== The data ==
====================

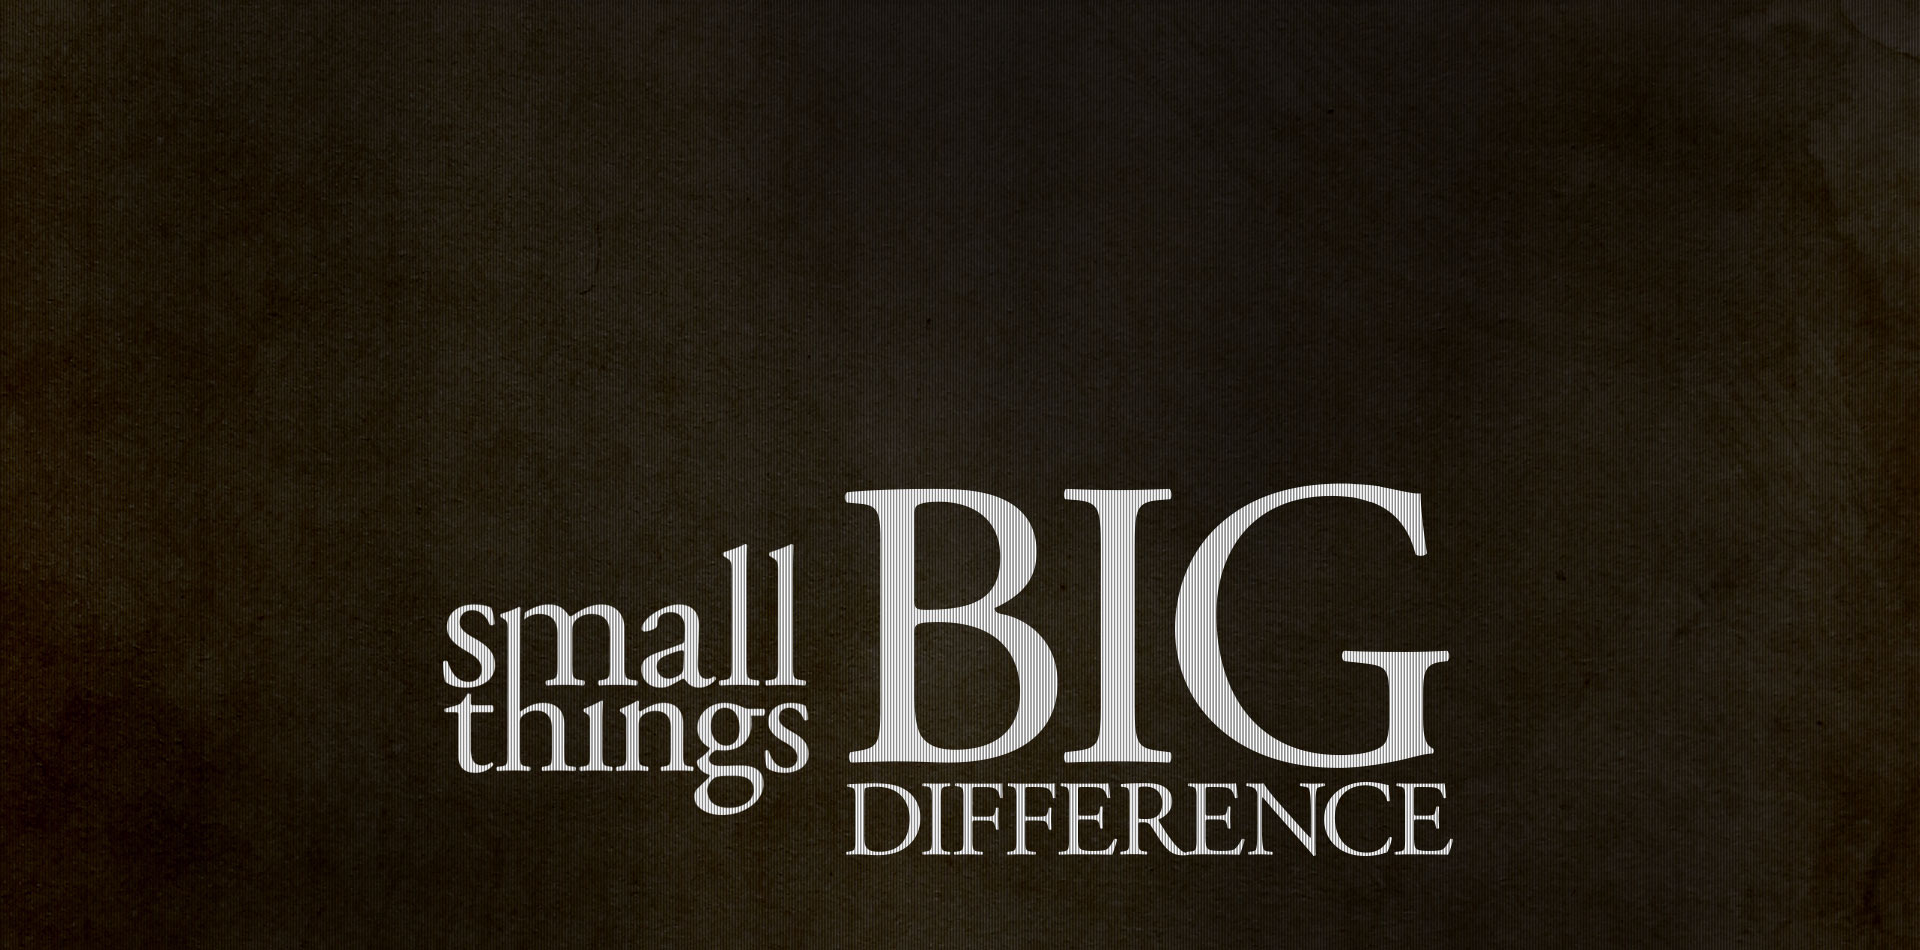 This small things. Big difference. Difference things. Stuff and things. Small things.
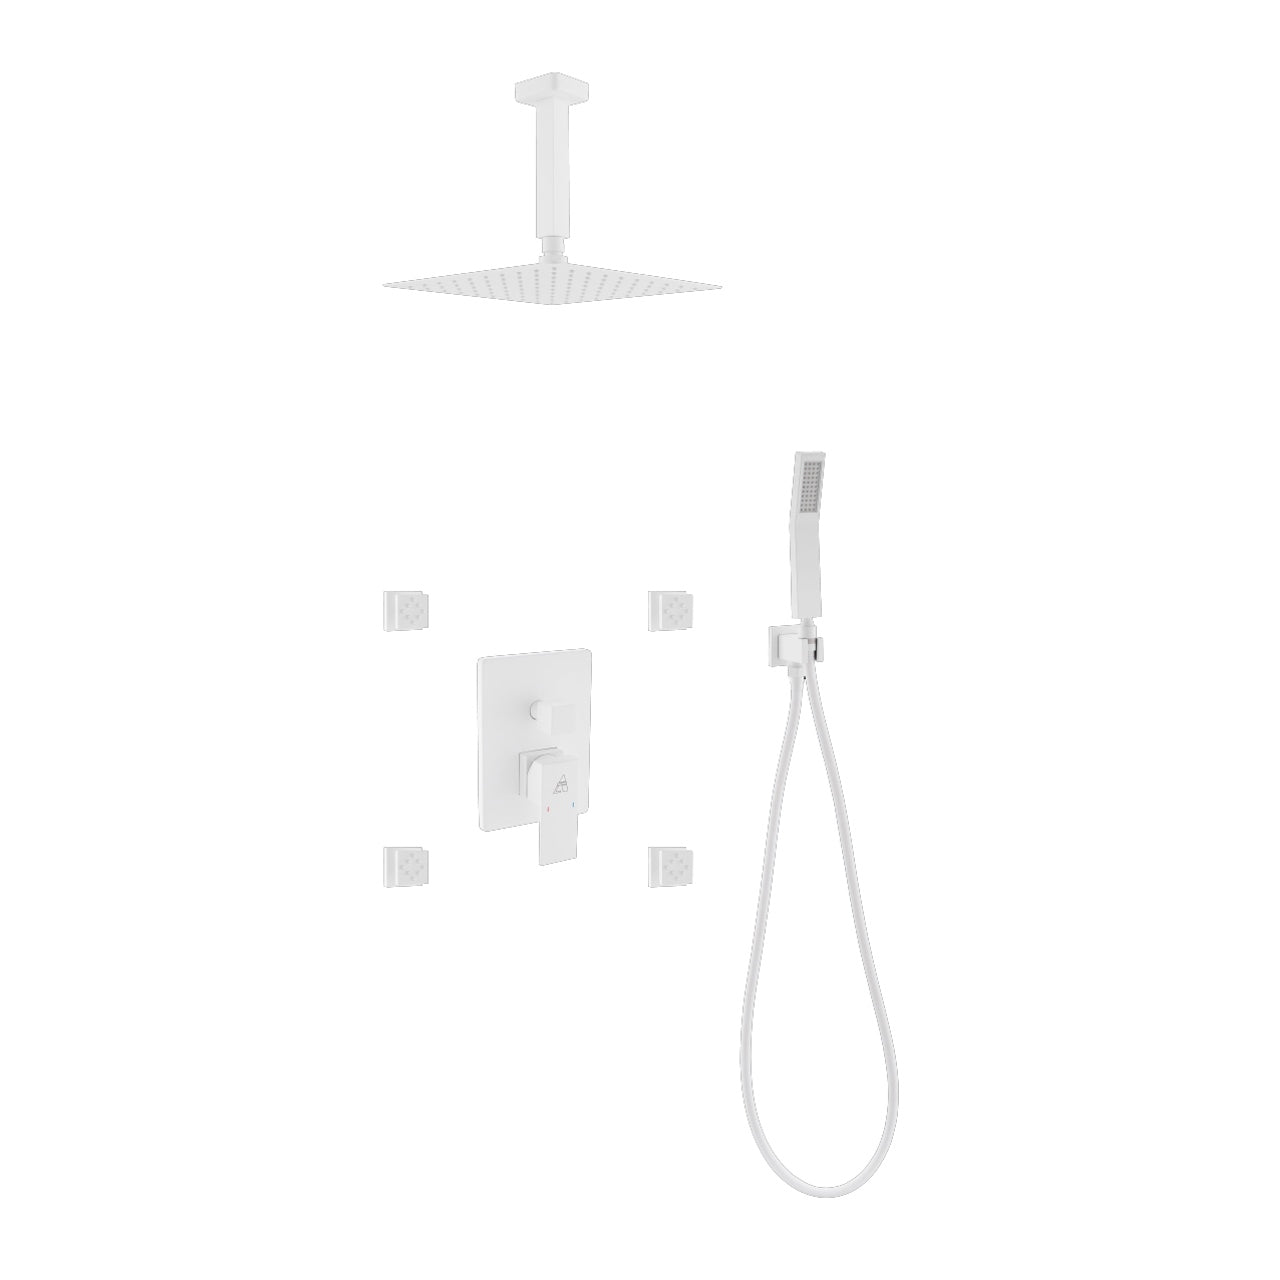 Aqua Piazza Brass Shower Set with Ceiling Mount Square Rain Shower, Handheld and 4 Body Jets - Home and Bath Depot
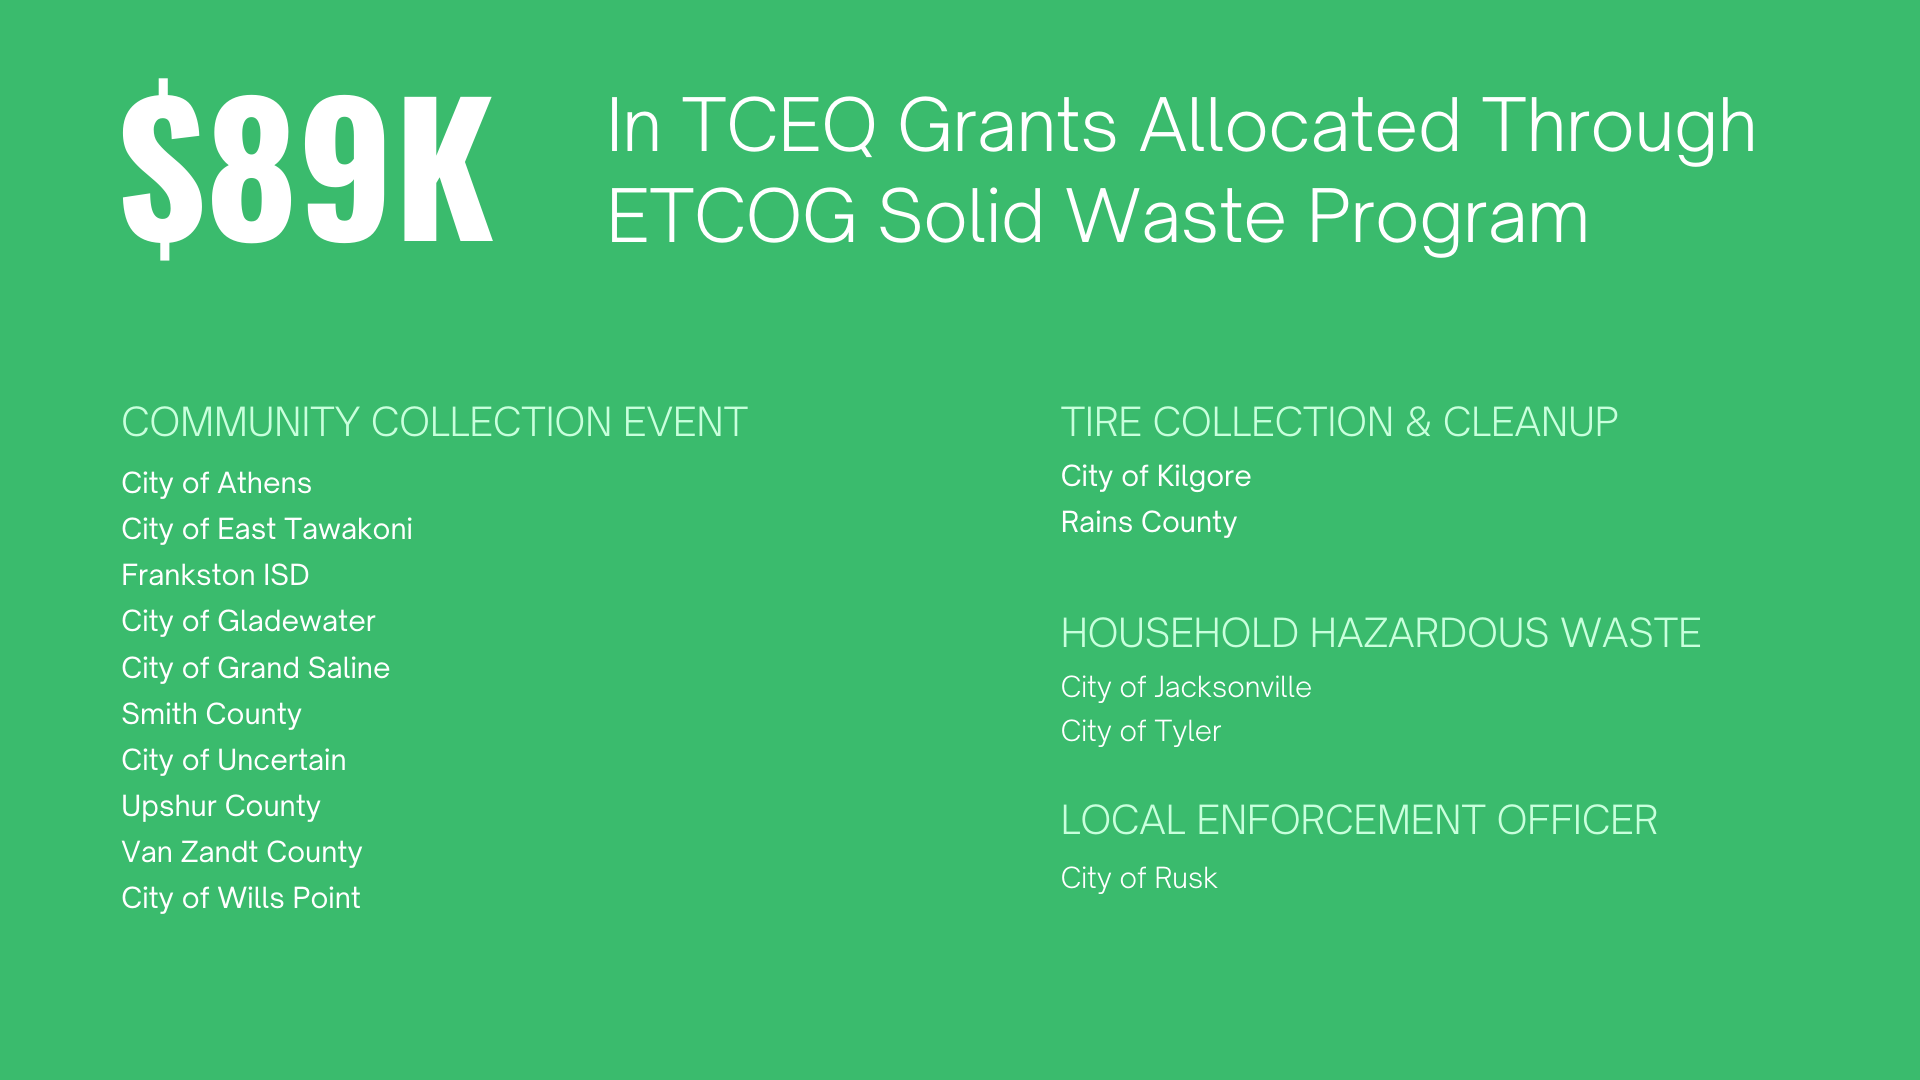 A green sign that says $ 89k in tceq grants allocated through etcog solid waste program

====================

== Task brief ==
Copy out the data verbatim, with no pictures.

== Output of the exercise ==
 This small things. Big difference. Difference things. Stuff and things. Small things.
 Aqua Piazza Brass Shower Set with Ceiling Mount Square Rain Shower, Handheld and 4 Body Jets - Home and Bath Depot
 A green sign that says $ 89k in tceq grants allocated through etcog solid waste program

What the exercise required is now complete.